** What needs to be done **
Write out word for word each line from the one containing "Jason-Davis-Images-Yosemite-0031.jpg" through the close of the listing, including both ends. Pictures do not belong in the copy.

** Data section **

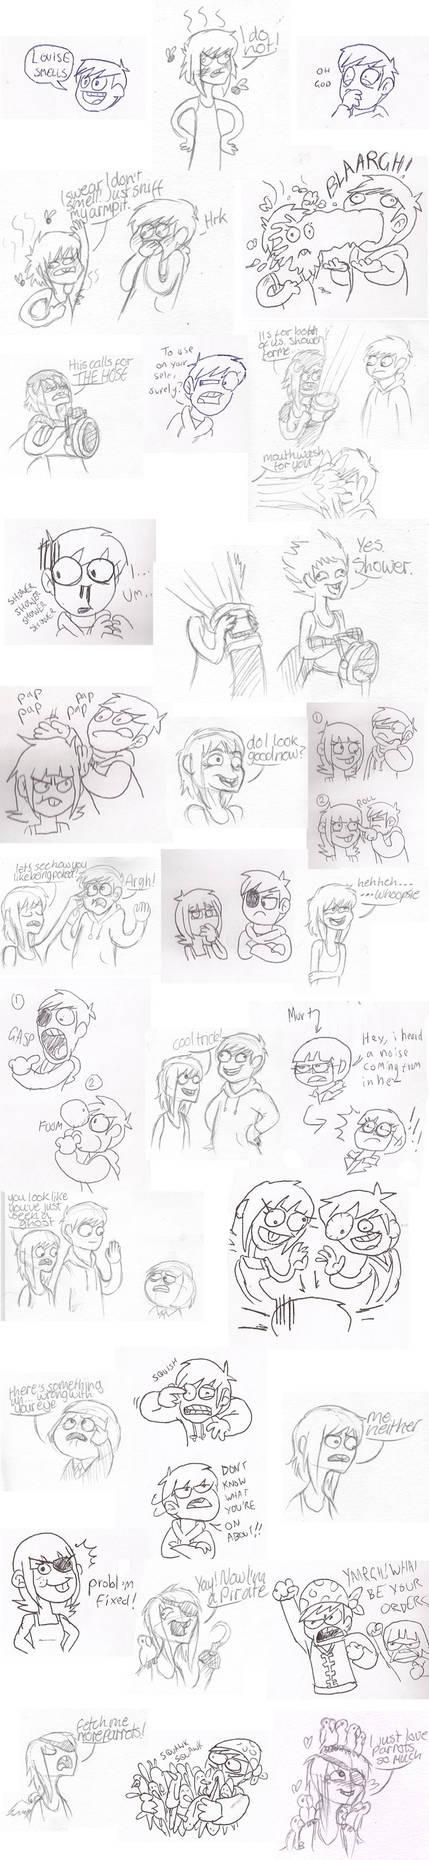 Doodle Fight via MMS
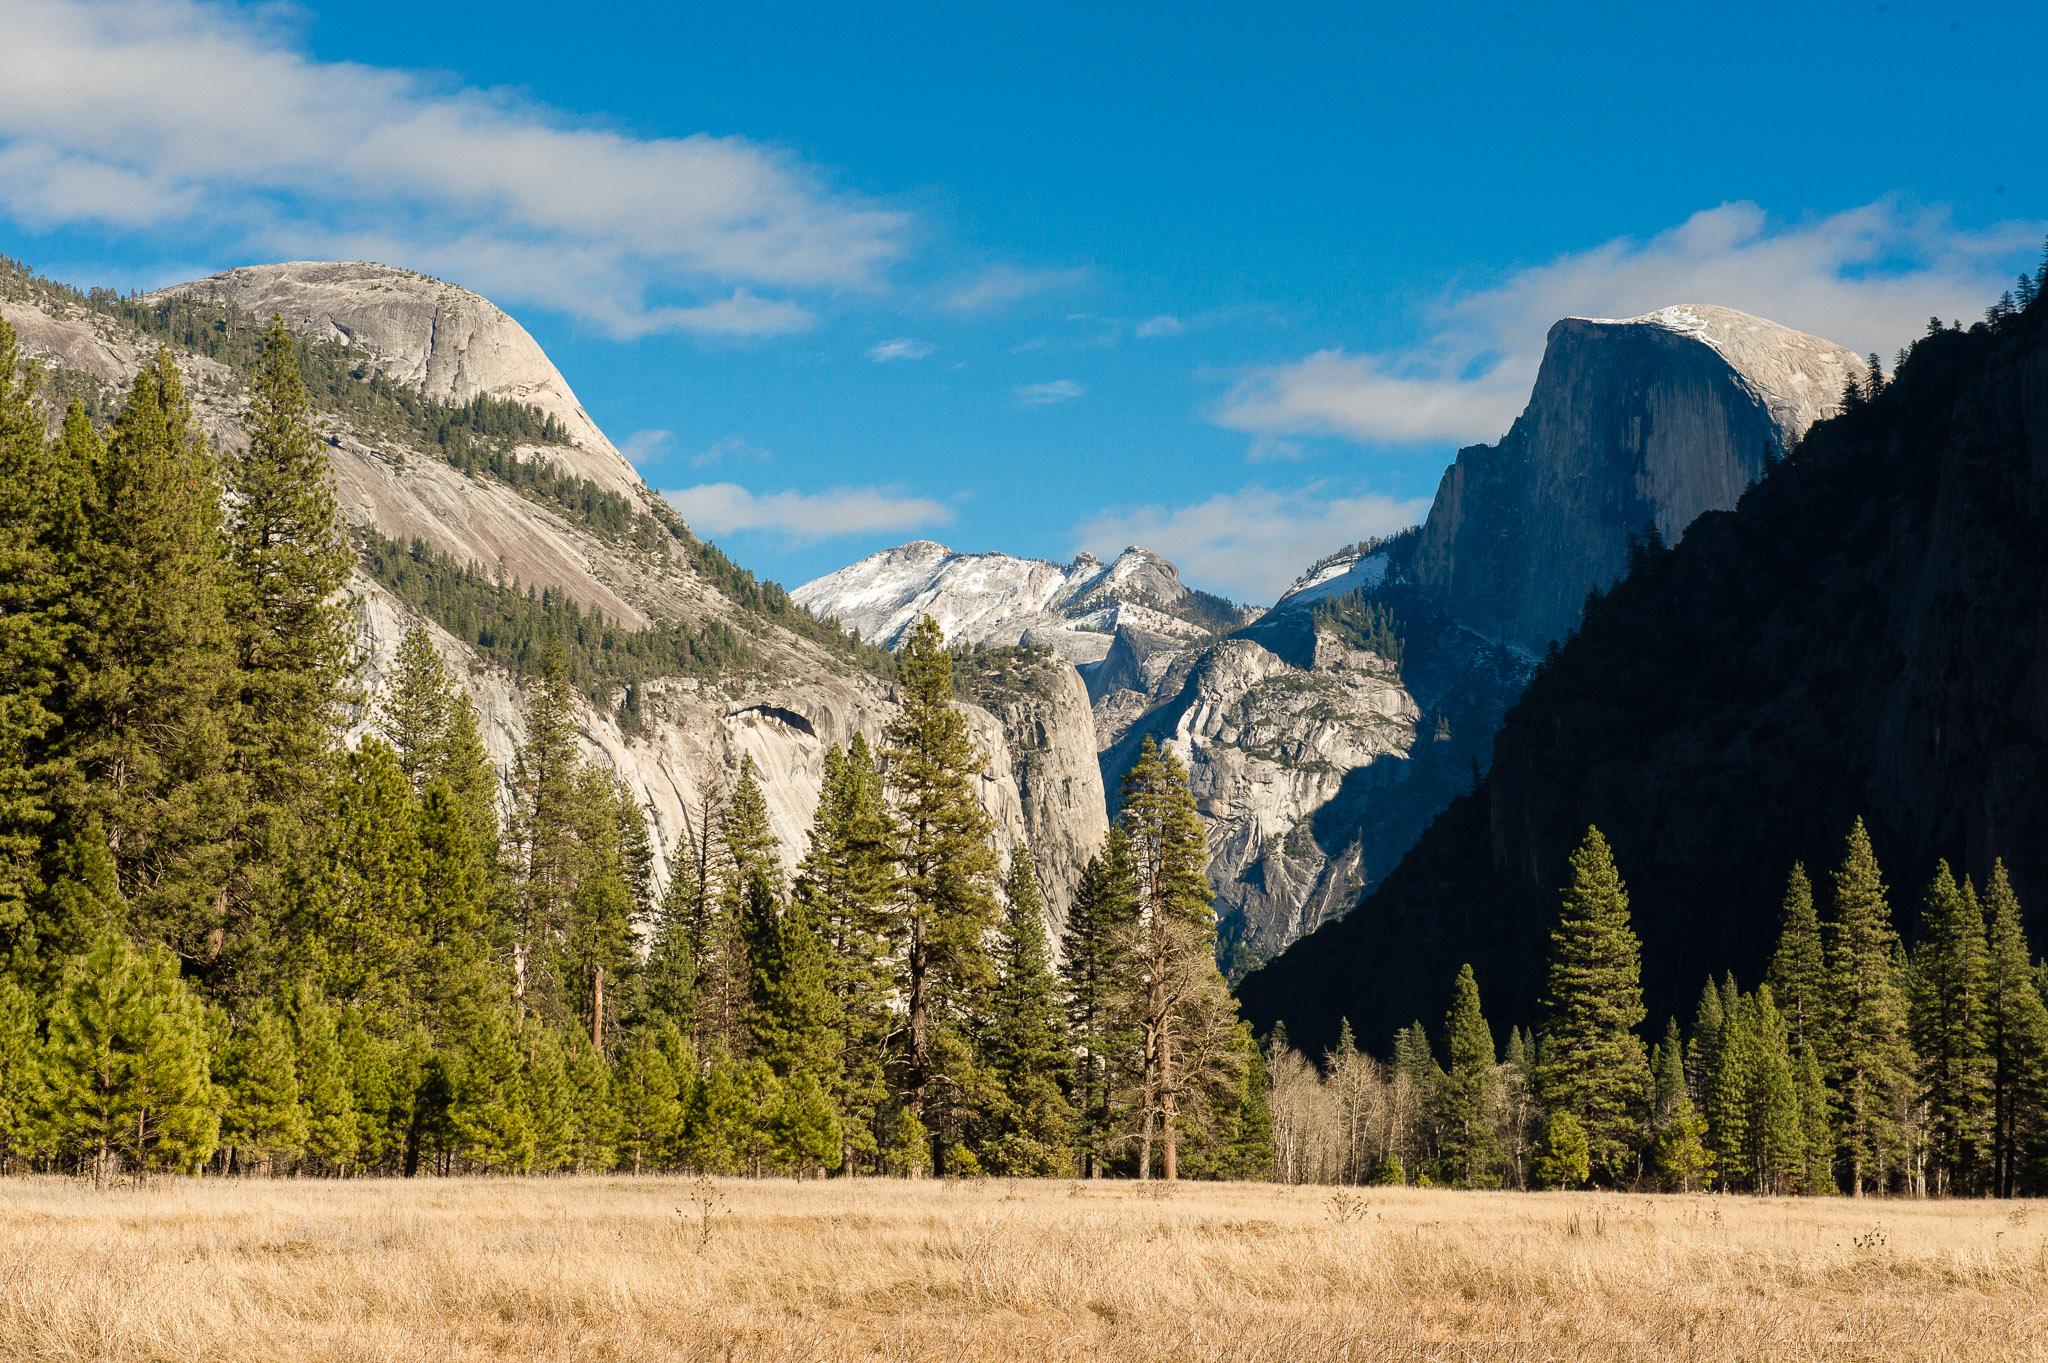 Jason-Davis-Images-Yosemite-0031.jpg
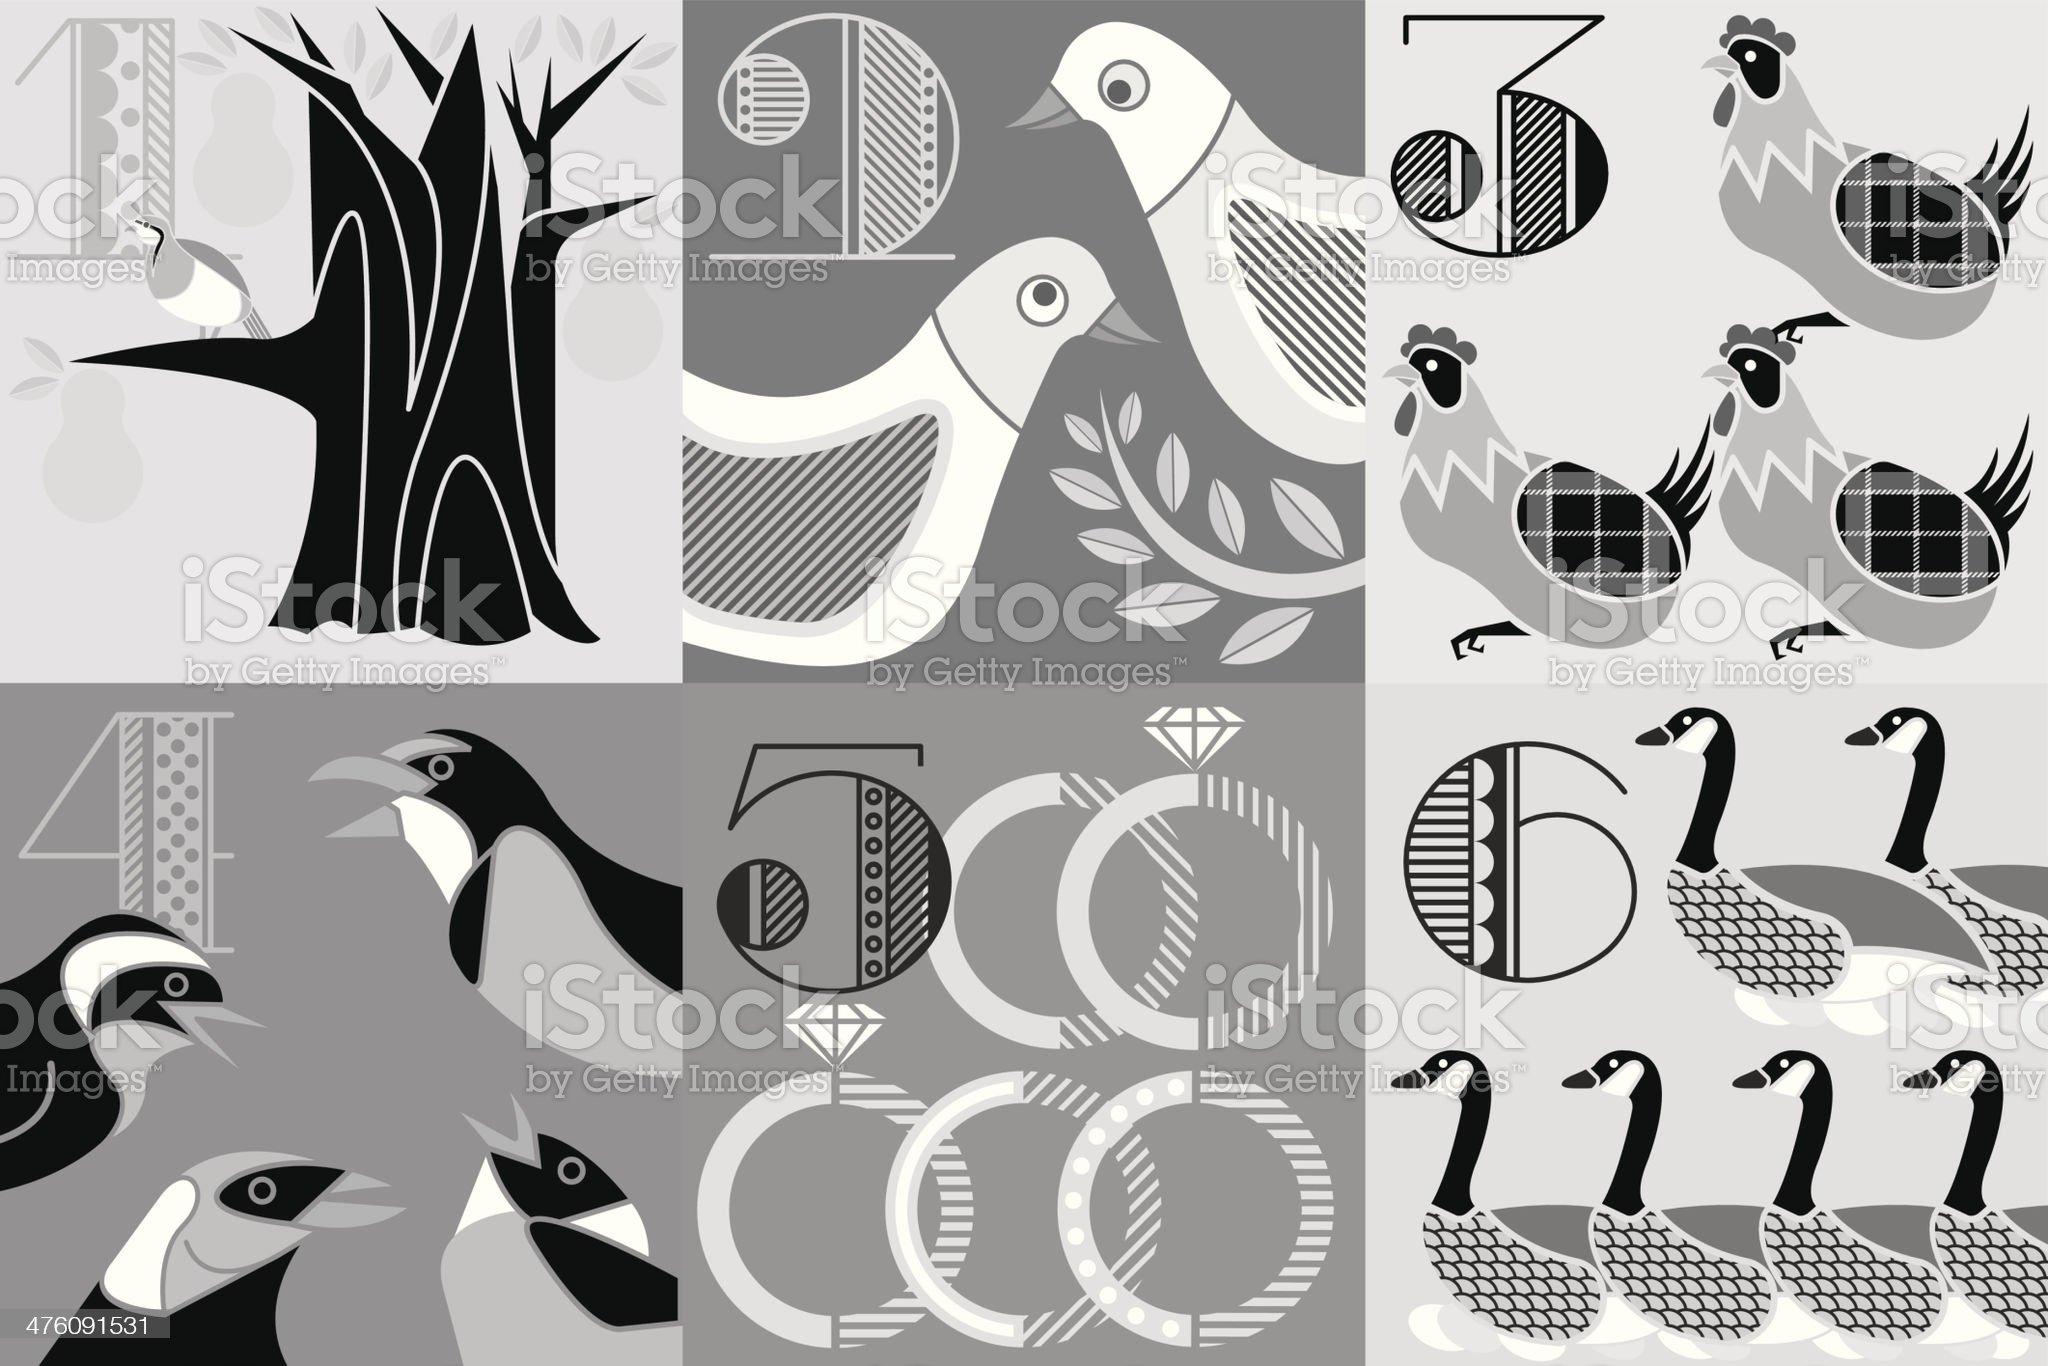 Twelve Days Christmas royalty-free stock vector art

** Response below **
 Jason-Davis-Images-Yosemite-0031.jpg
 Twelve Days Christmas royalty-free stock vector art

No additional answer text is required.